I found a Win32 function called kernel32!SetEndOfFile that demonstrates the difference between File Set and File Write. The image below shows SetEndOfFile queries (File Query) and sets (File Set) metadata attributes for a specified file. It first uses the File Query (FilePositionInformation) operation to identify the current file pointer’s byte offset (within the file). Then, it uses a File Set (FileEndOfFileInformation) operation to set the new byte offset for the end of the file. Finally, if the specified offset is outside the bounds of the allocated file, the allocation is changed to the specified size in bytes using another File Set (FileAllocationInformation) operation. Each of these steps is querying or setting file metadata details. Compare this to WriteFile, which makes the NtWriteFile syscall and changes the file’s actual data (contents). Hopefully, this demonstrates the difference between Set and Write (the same distinction applies to Query vs. Read).

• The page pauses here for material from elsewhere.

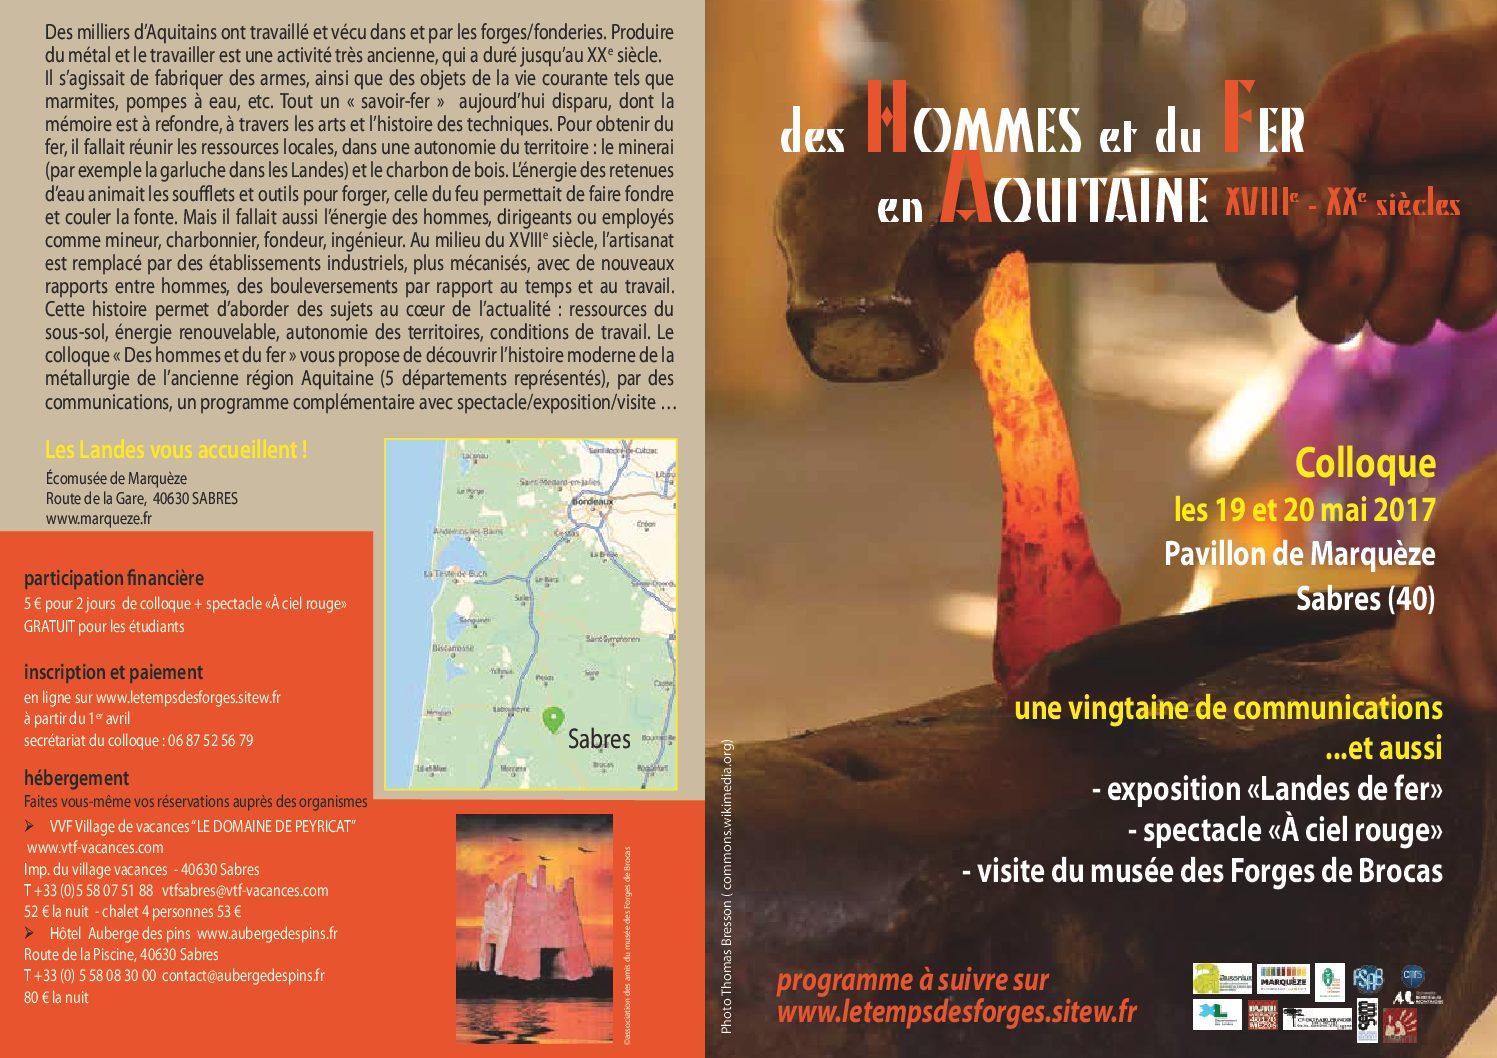 Des Hommes et du Fer en Aquitaine – XVIIIe-XXe siècles

This post focuses more on the semantics of the model we are building, but the distinction becomes quite important when we put the ideas into practice. The basis for this model is to demonstrate that we can describe attacker tradecraft using operation chains. The idea is that modern EDR sensors perceive operations because the subroutines responsible for generating telemetry have, by and large, been pushed down the stack (often to the kernel, as demonstrated by Jonathan Johnson in his TelemetrySource project). A problem arises, however, with a particular subset of functions where much of the functional distinction exists in the kernel. The juxtaposition between our treatment of the kernel as an opaque box and the existence of meaningful differences in the kernel means that the operation alone is too generic to be useful for detection engineering tasks. As we saw with the token impersonation example, it is not enough to observe a Thread Set operation because several information classes belong to this operation that are irrelevant from the point of view of token impersonation. In fact, every Thread Set operation that occurs that does not specify the ThreadImpersonationToken information class should be considered a false positive. One way to deal with this is to push the telemetry generation even further down into the kernel after a branching decision is made based on the information class (this is something we are seeing some EDR sensors do). However, this is more than just a technical problem; it is also a conceptual one, which I hope will be solved by introducing Sub-Operations.